DOL announces updates to Davis-Bacon Act Regulations

The rule will raise the wage standards of construction workers by updating prevailing wage regulations issued under the Davis-Bacon and Related Acts.

The U.S. Department of Labor (DOL) has announced the issuance of a final rule to update regulations that implement the Davis-Bacon Act and Related Acts (DBRA). The rule will raise wage standards of construction workers by updating prevailing wage regulations issued under the Davis-Bacon and Related Acts, which require payment of locally prevailing wages and fringe benefits to workers on federally funded or assisted construction projects.

The final rule will be published in the Federal Register this week and will go into effect on Oct. 23.

According to the National Demolition Association (NDA), the final rule adds a new subdefinition to the term “construction, prosecution, completion or repair” to the existing regulation to clarify when demolition and similar activities are covered by the Davis-Bacon labor standards. Specifically, the final rule clarifies that demolition and removal activities are subject to DBRA labor standards when such activities in and of themselves constitute the construction, alteration or repair of a building or work.
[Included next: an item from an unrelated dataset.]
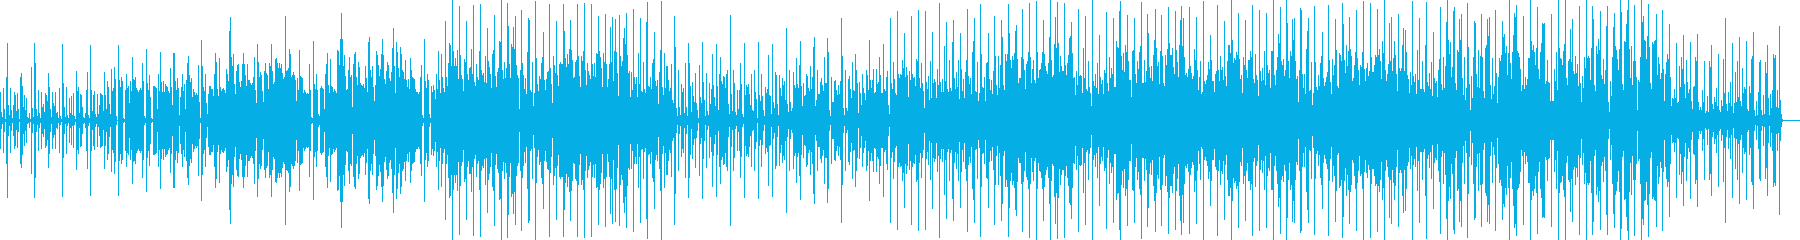 KANT洗練・飄々としたBGM20618の再生済みの波形

If the demolition is part of a contract for the construction of a building or work or if such construction is contemplated as part of a future contract, then the demolition is also within the scope of the DBRA labor standards.

DOL’s states published guidance, this new sub-definition “is already reflected in current DBRA sub-regulatory guidance and the Service Contract Act regulations and does not expand coverage or increase burdens or complexity.” However, the NDA says it will be closely monitoring DOL’s implementation of these regulations and will follow up with the department as necessary.

A summary of the final rule along with guidance from DOL, courtesy of NDA, is detailed below:

  • Updates the DOL’s definition of “prevailing wage” to return it to the definition used from 1935 to 1983.
  • Makes the prevailing wage equivalent to the wage paid to at least 30 percent of workers, rather than 50 percent of workers, in a given trade in a locality. Prior to the new rule, if the majority of workers in a given trade and locality did not earn a single wage rate, then the prevailing wage was determined by the average wage in a given trade in a locality.
  • Gives the DOL’s Wage and Hour Administrator the express authority to adopt prevailing wages determined by state and local governments, issue wage determinations for labor classifications where insufficient data was received through the wage survey process and update outdated wage rates.
  • Includes new debarment and anti-retaliation provisions. It also strengthens DOL’s ability to withhold money from a contractor in order to pay employees their lost wages.